> [TASK OBJECTIVE] Only the lines from the one containing "Mochila Compre Zattini" through the end of the data are wanted, reproduced exactly and without pictures.

> [SOURCE DATA]
---
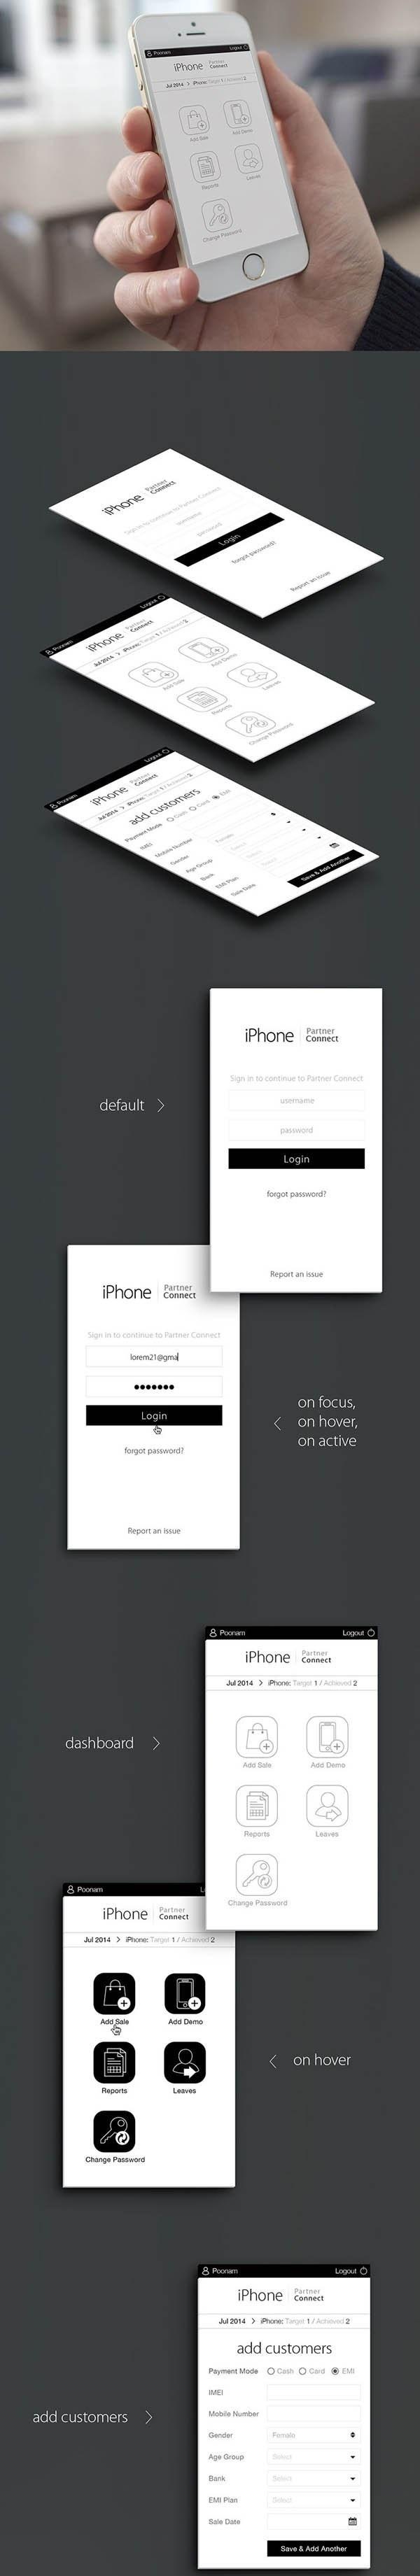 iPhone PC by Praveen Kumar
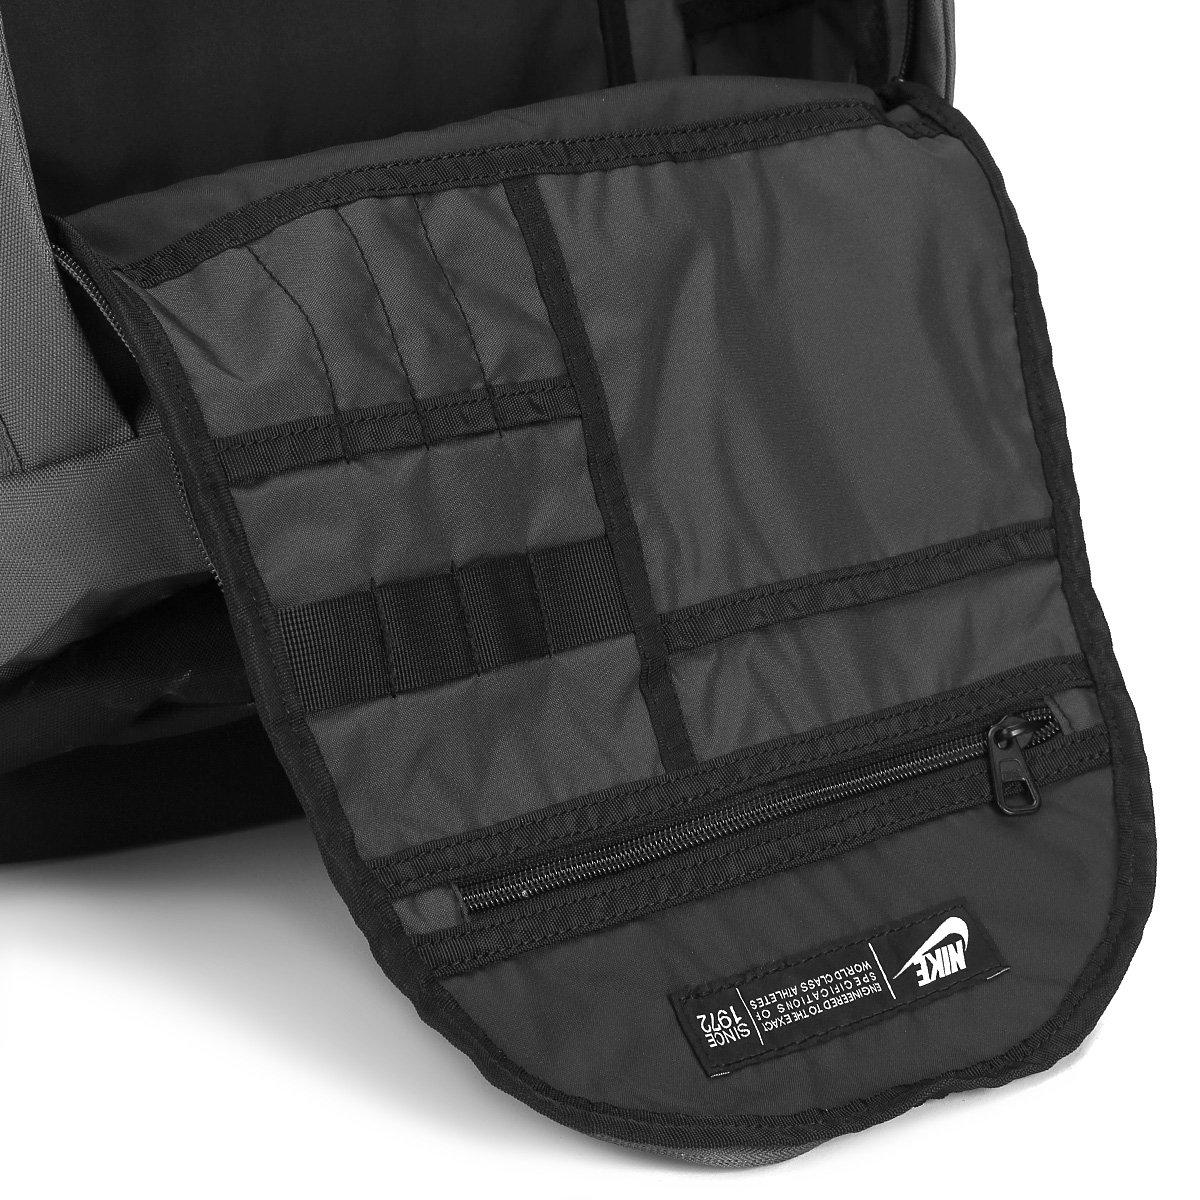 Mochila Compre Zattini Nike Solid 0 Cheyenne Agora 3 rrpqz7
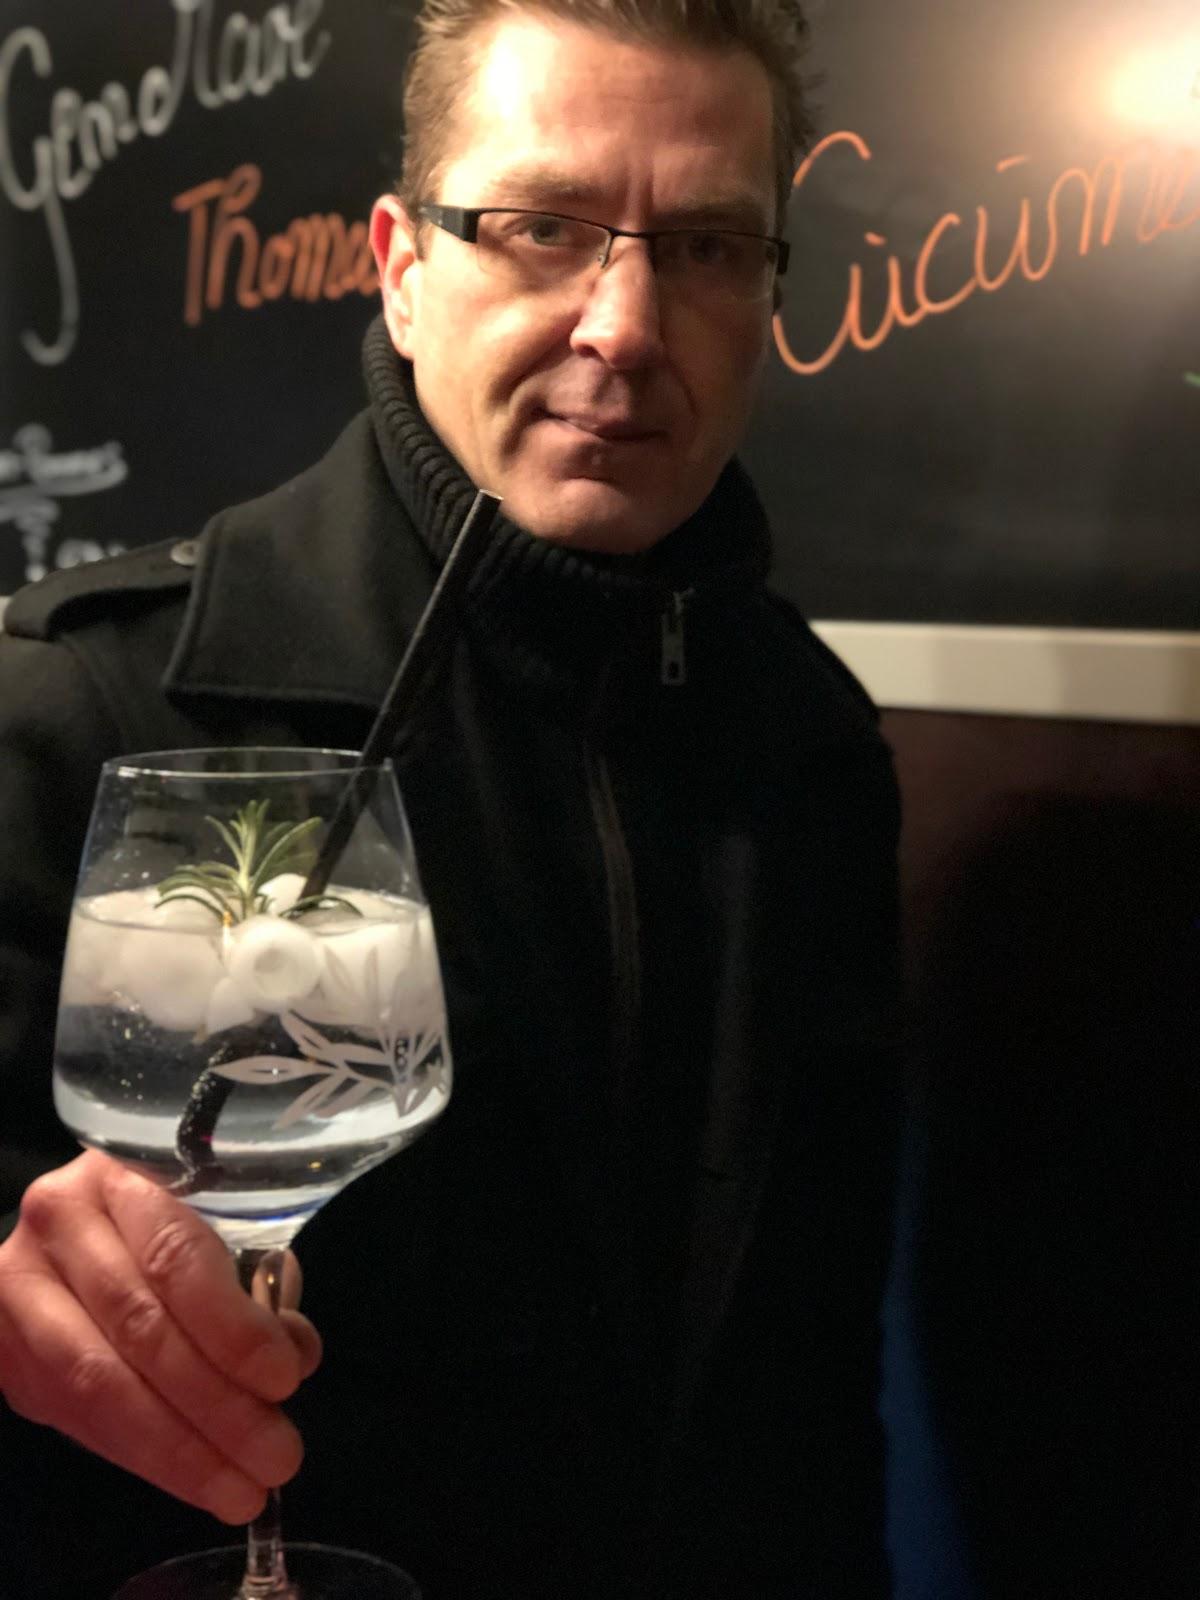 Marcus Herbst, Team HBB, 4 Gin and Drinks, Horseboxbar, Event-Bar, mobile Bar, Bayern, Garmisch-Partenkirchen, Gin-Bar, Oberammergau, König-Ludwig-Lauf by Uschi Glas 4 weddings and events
---
> [THE ANSWER]
 Mochila Compre Zattini Nike Solid 0 Cheyenne Agora 3 rrpqz7
 Marcus Herbst, Team HBB, 4 Gin and Drinks, Horseboxbar, Event-Bar, mobile Bar, Bayern, Garmisch-Partenkirchen, Gin-Bar, Oberammergau, König-Ludwig-Lauf by Uschi Glas 4 weddings and events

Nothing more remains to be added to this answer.